Crude prices recover from last week's drop, settling at a three-week high
The July WTI contract finished the week at $78.45/Bbl, up $3.24 from the prior week. The Cal ’25 strip settled $2.94 higher at $72.77/Bbl and Cal ’26 closed up $1.58 to $69.37/Bbl. Prices have recovered slightly from a three-week drop of nearly $5/Bbl and fully recovered from last week's decline after the OPEC+ meeting.
The International Energy Agency released its latest report this week, calling for oil markets to enter a major surplus later this decade. The agency's near-term outlook was mostly unchanged, besides a slight alteration to its 2025 demand forecast. The IEA sees global consumption leveling at 105.6 MMBbl/d in 2029, about 4% higher than in 2023. Meanwhile, crude production driven by growth from the US is seen rising by 8 MMBbl/d over the same period. The IEA’s outlook for demand, driven by assumptions of high EV adoption and electrification, is in sharp contrast to that of OPEC, who see oil demand continuing to rise through 2050.

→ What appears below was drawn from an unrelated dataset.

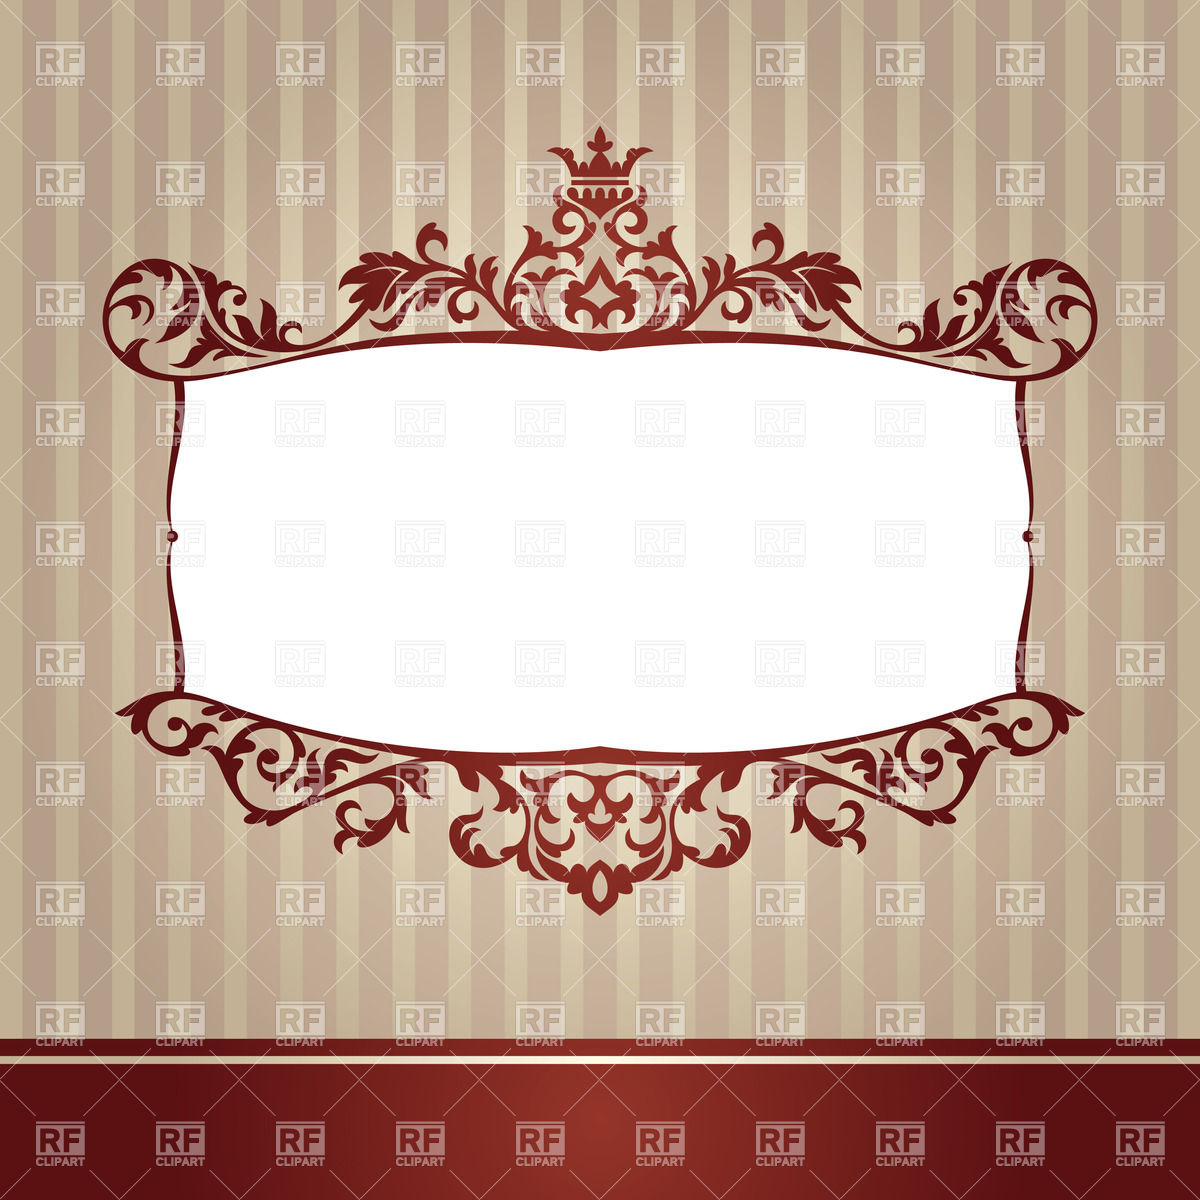 cute decorative frame clipart - Clipground

A potential driver of weaker near-term demand is slowing growth from China’s refining industry. Outside of 2022, which saw poor Chinese growth from their Covid-Zero policy, crude throughput in China has grown yearly, according to data that goes back to 2004. However, according to a survey of analysts by Bloomberg, throughput could be flat or decline in 2024. The IEA sees only a small increase in throughput. An extended property crisis has weighed on China and its demand for transportation fuels, leading to weaker refinery margins and processing rates. If Chinese demand does falter, this could present a dilemma for OPEC, which is attempting to bring curtailed supply back to the market. A low-demand scenario could see OPEC keeping barrels off the market for longer in an attempt to balance supply and demand.
AEGIS remains bullish the curve as we think prices in further out tenors will roll up towards prompt prices. OPEC’s plan to gradually bring back supply may prevent the most bullish scenarios from playing out. Still, they will also likely attempt to support prices and keep the market balanced, avoiding an oversupplied scenario.